▸ Problem
Restate word for word the lines below that run from the one holding "Dinner dress late" through the one holding "A Fine Art Print", inclusive. Pictures don't belong in the copy.

▸ Exercise input

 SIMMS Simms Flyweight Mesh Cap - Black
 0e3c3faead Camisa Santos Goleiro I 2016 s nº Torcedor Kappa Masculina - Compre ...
==
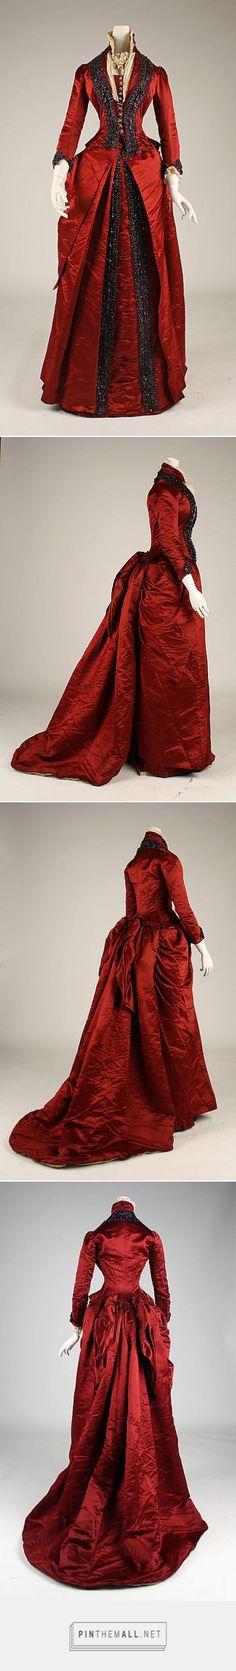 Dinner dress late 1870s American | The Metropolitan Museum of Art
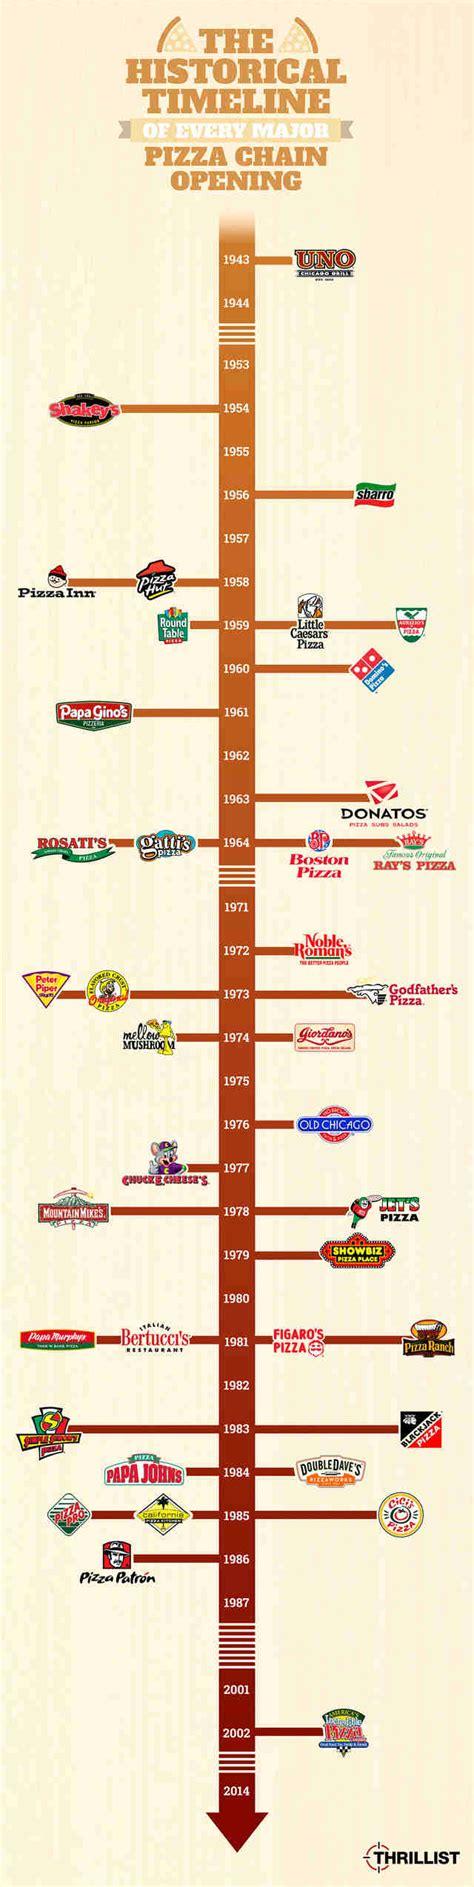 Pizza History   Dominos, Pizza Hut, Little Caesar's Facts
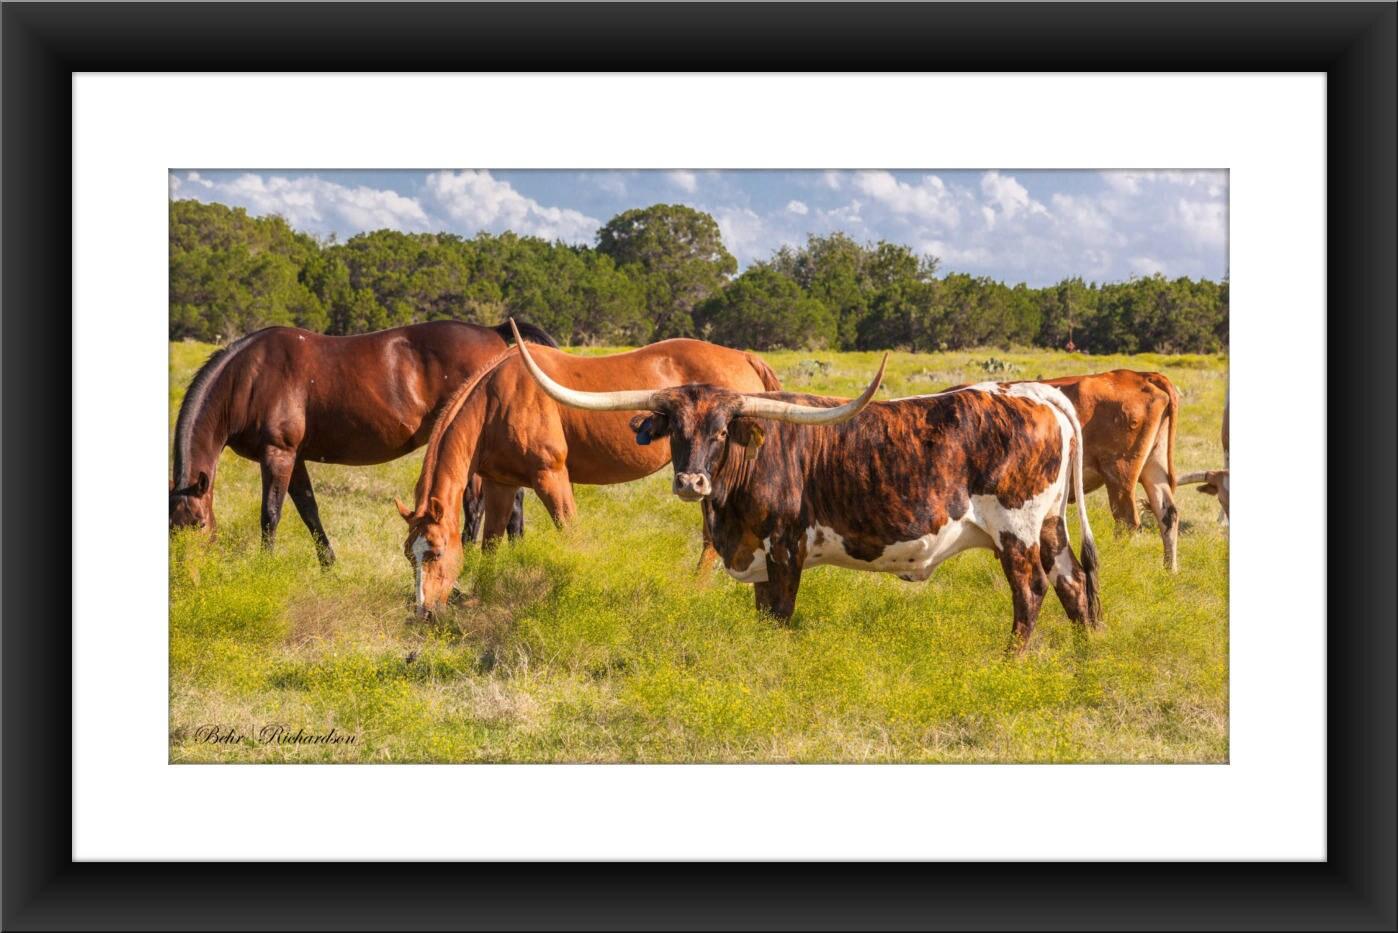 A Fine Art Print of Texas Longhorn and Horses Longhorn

▸ Solution to this problem
 Dinner dress late 1870s American | The Metropolitan Museum of Art
 Pizza History   Dominos, Pizza Hut, Little Caesar's Facts
 A Fine Art Print of Texas Longhorn and Horses Longhorn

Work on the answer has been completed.